Julie & Julia is a movie that takes two stories in which not all that much happens -- Julia Child learns to cook French food at Le Cordon Bleu, and then works for a decade on a cookbook; Julie Powell spends a year cooking all the recipes from that book and writing about it on a blog -- and intertwines them to make them both feel more important and interesting than they would have separately. It is true, as nearly all of the reviews have said, that Meryl Streep's Julia is more fun than Amy Adams's Julie, but that's mostly the nature of their stories -- Julia might have been "servantless," but she was pretty well coddled by life, and Julie wasn't.
Director Nora Ephron also keeps Julia's world sunnier than Julie's, and Julia's setbacks -- an unpleasant Frenchwoman who runs Cordon Bleu, her husband's interrogation by humorless Republican commie-hunters in the mid-'50s -- are smaller and less momentous than Julie's. And let's face it: Julia is an American in Paris right after the war, riding high on the almighty dollar, living in splendid, huge, apartments, married to a loving man whose embassy work is clearly not too taxing, and studying something she deeply loves. Julie is working for a government bureaucracy, talking to 9/11 victims, and trying to recreate Julia's recipes in the small kitchen of a small apartment in dumpy Long Island City, with a husband who works more than Julia's and isn't portrayed as the saint Paul Child is.

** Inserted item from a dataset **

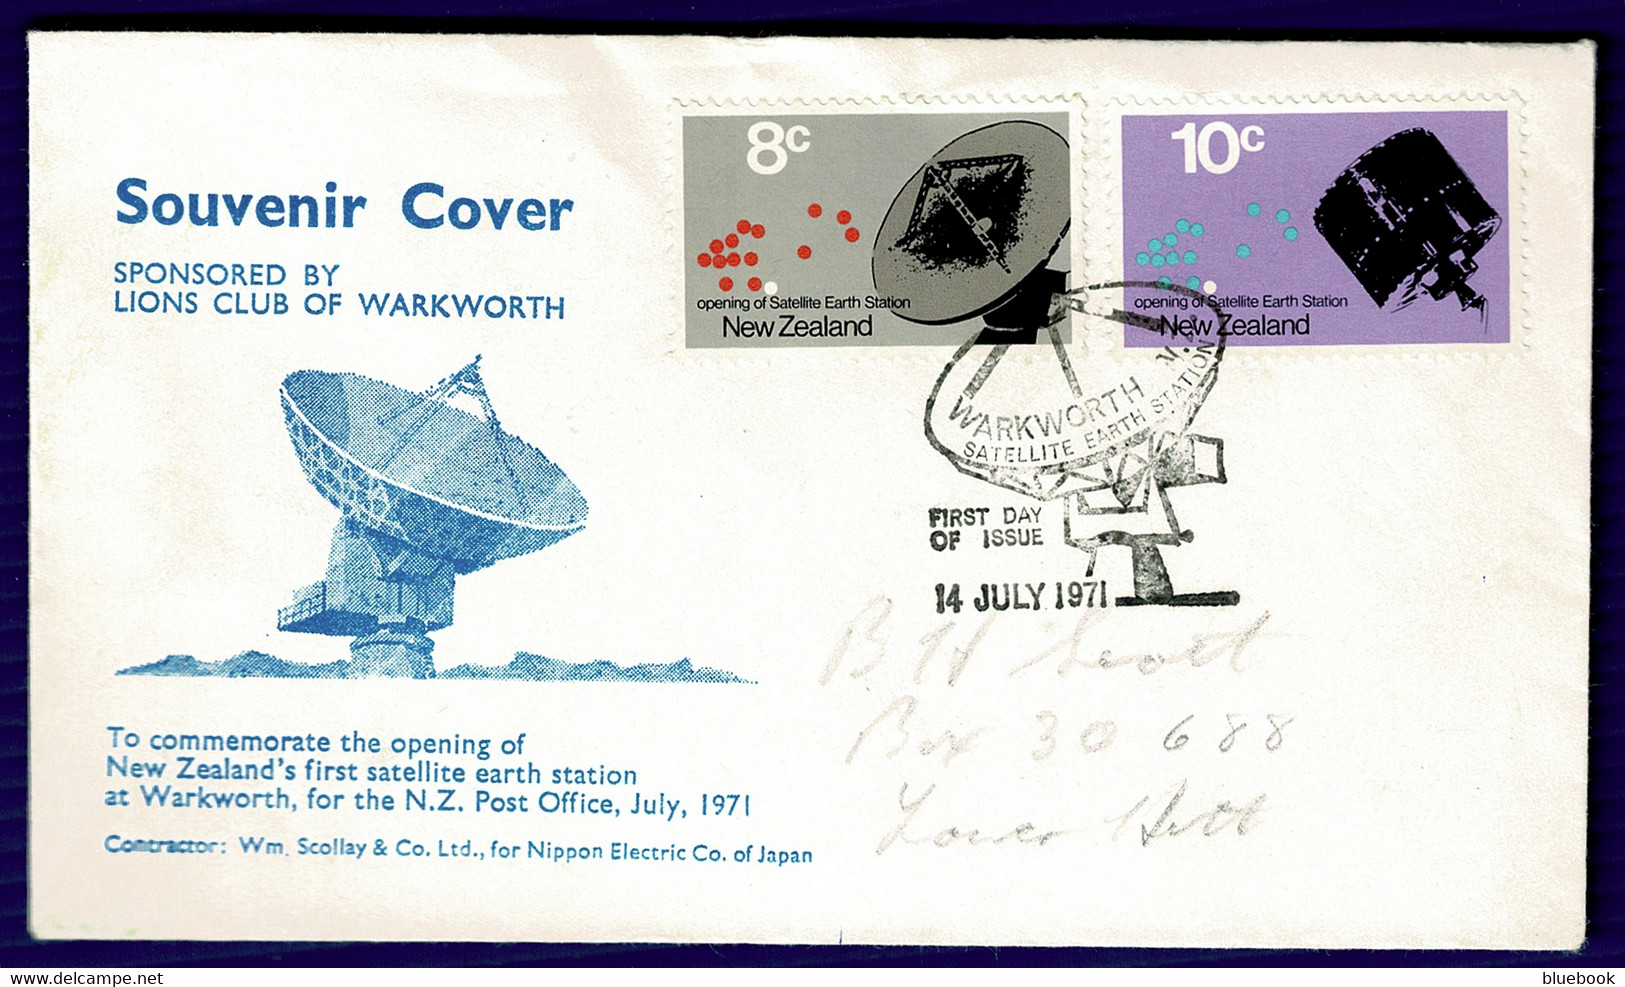 Ref 1581 - New Zealand 1971 FDC First Day Cover - Warkworth Satellite Station Postmark - Space Theme - Covers & Documents

Julia Child is also a larger-than-life figure in a way that Julie Powell just can't be -- and Streep does capture Child's oddly booming voice and twitchy mannerisms, inhabiting the part and expressing the deep joy Child always seemed to have for food and everything else that came her way. We viewers don't have a mental picture of Julie Powell in the same way, so Amy Adams has to work harder to build her character -- though she does very well herself. (And Adams is such a cutie -- perhaps even more now, when she's playing an ordinary person, and not using one of her high, twittery voices -- that we instinctively feel for her.)
Julie & Julia is a sunny movie about the pleasures of doing something right, about making food that people will appreciate, about damning the torpedoes and using real butter. Luckily, I saw it after having a big meal (Mexican, not French, though the effect is similar), so it didn't make me ravenously hungry. But I could easily see how it could: this would be an excellent pre-dinner movie.
2 comments:
It's Julia Child, not Childs. Otherwise, great review!
Jena: Thanks for pointing out that very embarrassing (and consistent) mistake of mine; I've just corrected it in the post. (I think I got every instance.)
Once again, I am an object lesson in the dangers of writing a post straight through and just shoving it up without allowing enough time to check it over.